In Stephen Kings literature (The MistThe GunslingerCarrie) and other narratives like the Silent Hill Series, characters that buy into the idea that there is a higher power leading us, are generally represented by stock religious characters, that use their black and white worldview to purge the world of non-believers, to avoid confrontations with the truth. They posit a type of “Us vs Them” mentality, which given the nature of Peele’s film, becomes convoluted and unclear.

“Who is on my team”, becomes the central question. In Zombie films, the good guys tend to be anyone who isn’t a zombie (with exception of The Walking Dead, 2010-Present). The Night of the Living Dead (1968) by George A. Romero, showed us this exact scenario, in a timely manner: A black man is the protagonist. Women are as powerless as men against the living dead. We are all in this together, is the overall feeling, against some force we do not understand. And if we don’t work together, we will die. It’s a fantasy that imagines boundless team work, the only way the world is going to get through the plethora of crises facing it. We are starkly reminded of how unrealistic such a utopia would be: Our hero is carelessly disposed of in the final scene of the movie.

In the end, it wasn’t the living dead that was actually the most shocking about the film. It was the racism that killed the black man, regardless of the things he has done for everyone around him.

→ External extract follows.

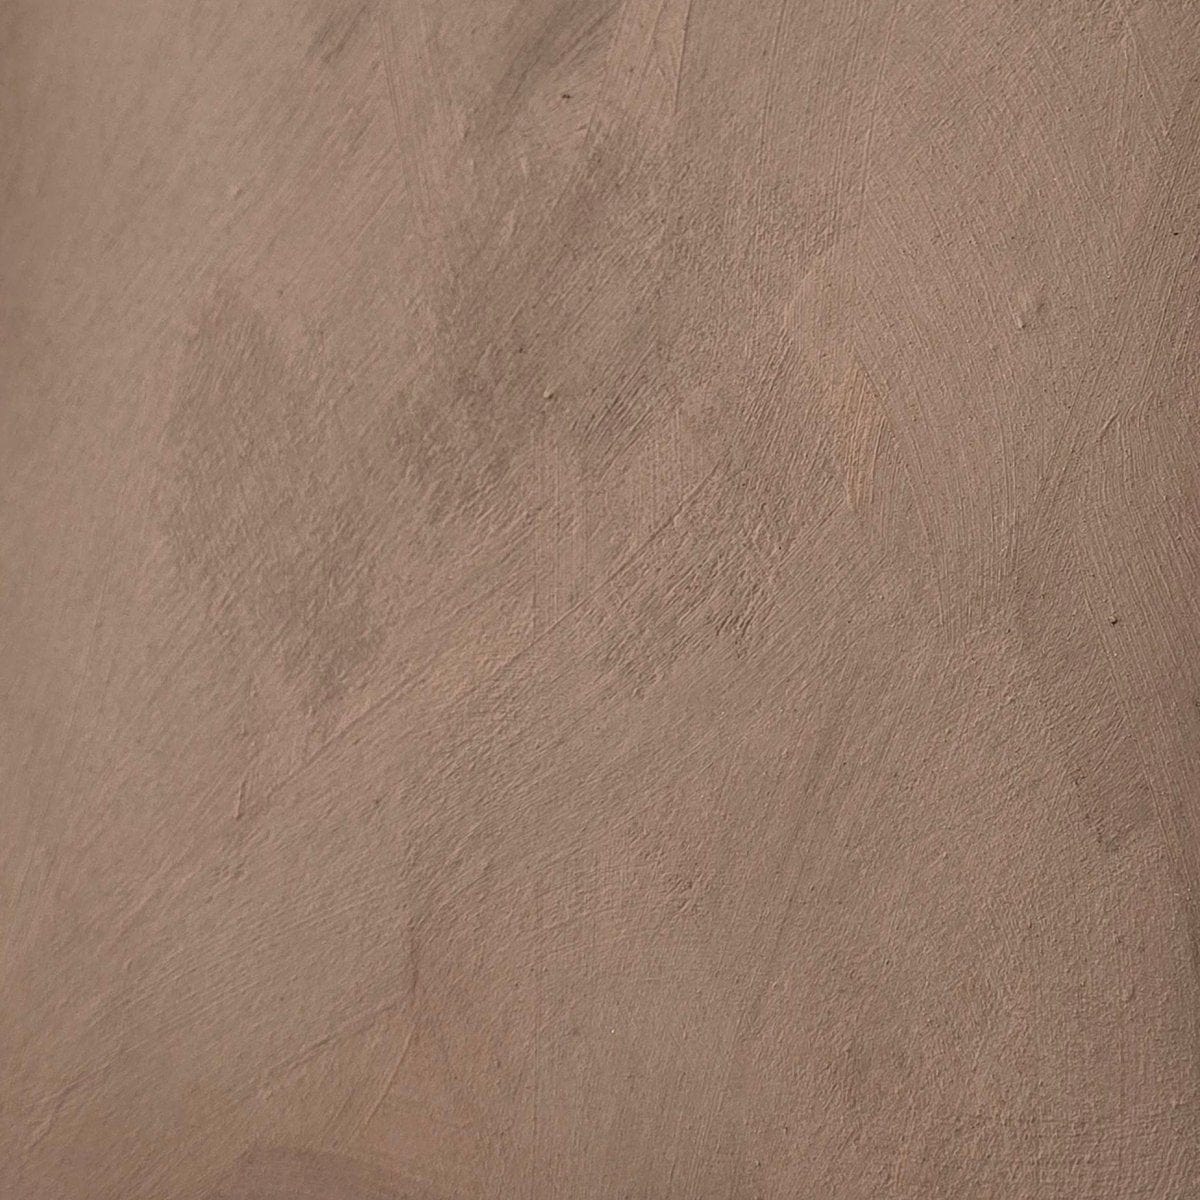 Cacao - Brown Limewash Wall Paint

Another film, I Spit on your Grave (1978), while a wholly painful movie to watch (almost half the movie is spent watching the protagonist get raped), is a film that has the potential to showcase that, while men might forget the sexual assaults they have downplayed or committed, these acts can lead to bad things happening, such as to themselves. Everyone in the movie commits some quite unpleasant acts, sure, but it’s the misogynist viewers who degrade women, that might find a new set of values from watching the film: You rape women and women might kill you. Therefore, to avoid death, respect women.

The Portal of No Return

Of course, the message can be as obvious and corny as you wish. But for people who are exposed to a new type of metaphysics, what is supposedly known must be redefined, with prior things we take for granted upended, in order to make sense of how the horror could have come about. This is why the horror genre is more poignant than other ones, because it forces one to reconsider ones values. While racism can be dealt with in historical dramas (12 Years a Slave, 2013), sexism in super-hero movies (Wonderwoman, 2017) and Xenophobia in thrillers (Sin Nombre, 2009), horror is the only genre that challenges you to face ones fears, and temper with psychological roots that would otherwise continue to grow within you.

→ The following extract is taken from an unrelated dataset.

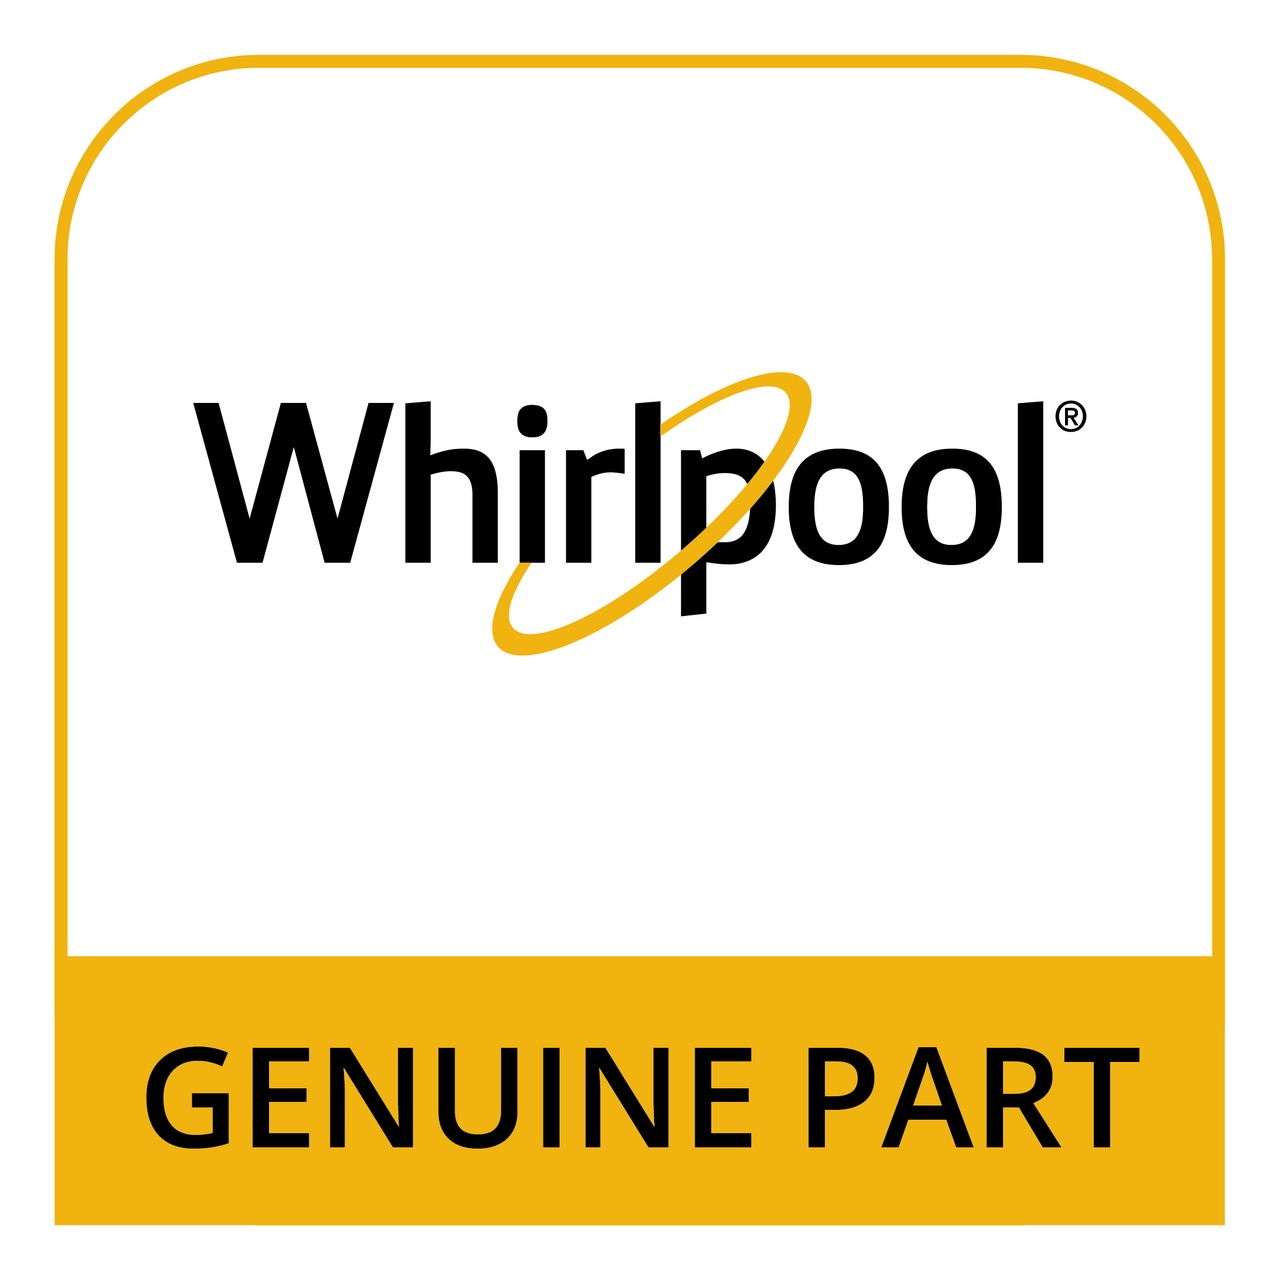 Whirlpool WP7737P245-60 - Range Top Burner Control Knob, Chrome - Genuine Part

Because fear is an emotion that many of us don’t experience very often, the experience of a horror film is registered as unusual to our daily lives. This event would sort of simulates a rite of passage, which is why one should indulge in horror, even if only infrequently. The genre is necessary for us to find and understand the world and to purge evil from our lives.

This is why in childhood, when our inner character is shaped, horror, in one form or another, is vital, as we must expose ourselves to as much information as we can. Character can be shaped at all ages, sure, but it also becomes very difficult in time as our neuroplasticities become solidified. Facing our fears then, has a notorious time limit, which we should not underestimate. If we indulge in idleness, we become those old men who shout at kids to get off their lawns, or these old women don’t care about the youth of today.

A vital quality that we should all acquire then, is bravery. Brave to stand up for what is right, brave to accept kindness and youthfulness, but most of all brave to face ourselves, look them in the eye dissolve them. Horror narratives prepare us for the darkness that we think surrounds us, and informs us through our senses, that there is in fact little true evil in this world. There is only madness in the people we interact with, as well as the mythical unknown, which only needs to be uncovered, in order to take away its power. Anything else, is science fiction.